Nick smiled and did not correct her. He put his hand gently on her shoulder and said to me, “We’ll be over there soon.” I saw Nick again a few minutes later while his mom was occupied with some other residents. “Nick,” I said. “Does your mom usually think that you’re her husband?”
Nick said something that I’ll never forget. “Sometimes I’m me, sometimes I’m my brother, sometimes I’m my dad, and sometimes I’m just a friend. But she always knows that she loves me,” he smiled.
Nick had nailed it. He understood that, because his mom thought it was 1960, she would have trouble placing him on a timeline.
He knew that his mom recognized him and he knew that she loved him. However, because of her dementia, she thought it was a different year. And, in that year, he would’ve been a teenager.
Using context clues (however mixed up the clues were) Alicia had determined that Nick was her husband: he was the right age, he sure sounded and looked like her husband, and she believed that her son was a young man.

This is the concept that I like to call timeline confusion. It’s not that your loved one doesn’t recognize you, it’s that they can’t place you on a timeline.


What matters is how they feel about you. Not your name or your exact identity.

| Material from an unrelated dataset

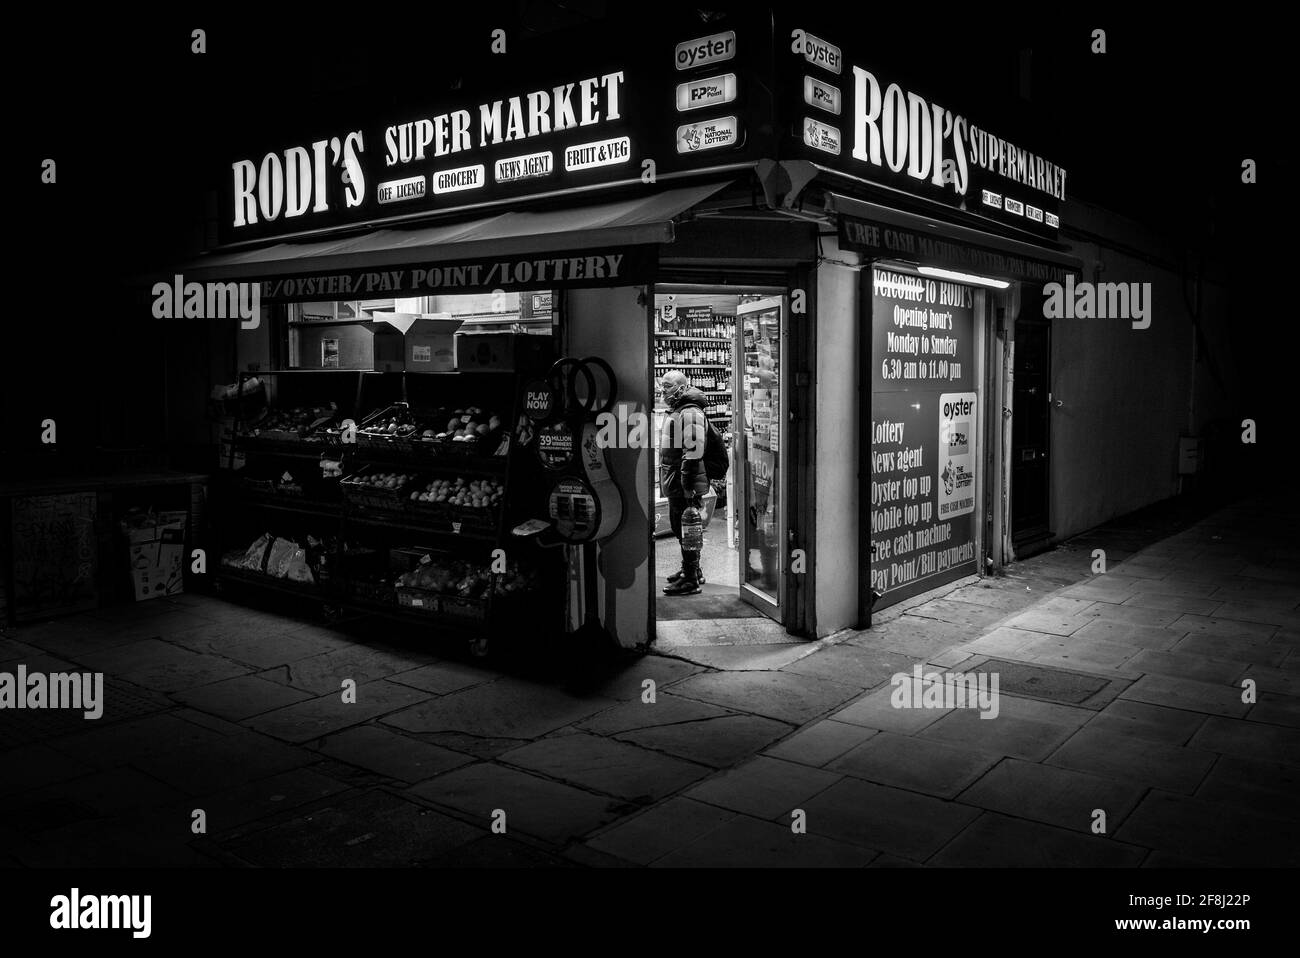 tradicional tienda de esquina, agencia de noticias y tienda de conveniencia en la noche de londres, imagen nocturna en blanco y negro Foto de stock

Original post by Rachel Wonderland

rachaelwonderlin.com



Selected comment:

"When my grandmother developed dementia, she took to calling me ‘Virginia.' She had gone to a time in her mind when long red hair did not mean her metalhead grandson, it meant her eldest son’s fiancee. She gave me a lot of advice for how to keep my head and my temper with young Leo, who could be a handful but was a gem if you didn’t let him push you. 'I know you’re a firecracker, ginger,' she’d tell me, 'but don’t make a fight out of it. Just hear him out and then make your own decision. He respects that.'


I didn’t correct her on my gender or the year or my name. I didn’t tell her that Virginia and Leo had been married forty years and were doing fine. I thought that might reassure her, but then, it might just throw her for a loop, so I kept it to myself. I kind of wanted to tell her Leo had been an excellent mentor to me and she’d taught him well, but I figured I could save that for a better opportunity (as it happened, I didn’t get the chance, but I think she knew she did a good job).

I just understood that she saw me as a young person she wanted to teach and look out for, and maybe a person whose agency she wanted to validate despite society trying to squash it.


So I listened to her advice and thanked her, and told her I’d think on it, and she was happy. And I did think on it, too, and it helped me in my relationship.

People with dementia are still themselves. They’re not clear on the details, but they still love and care and have things to teach."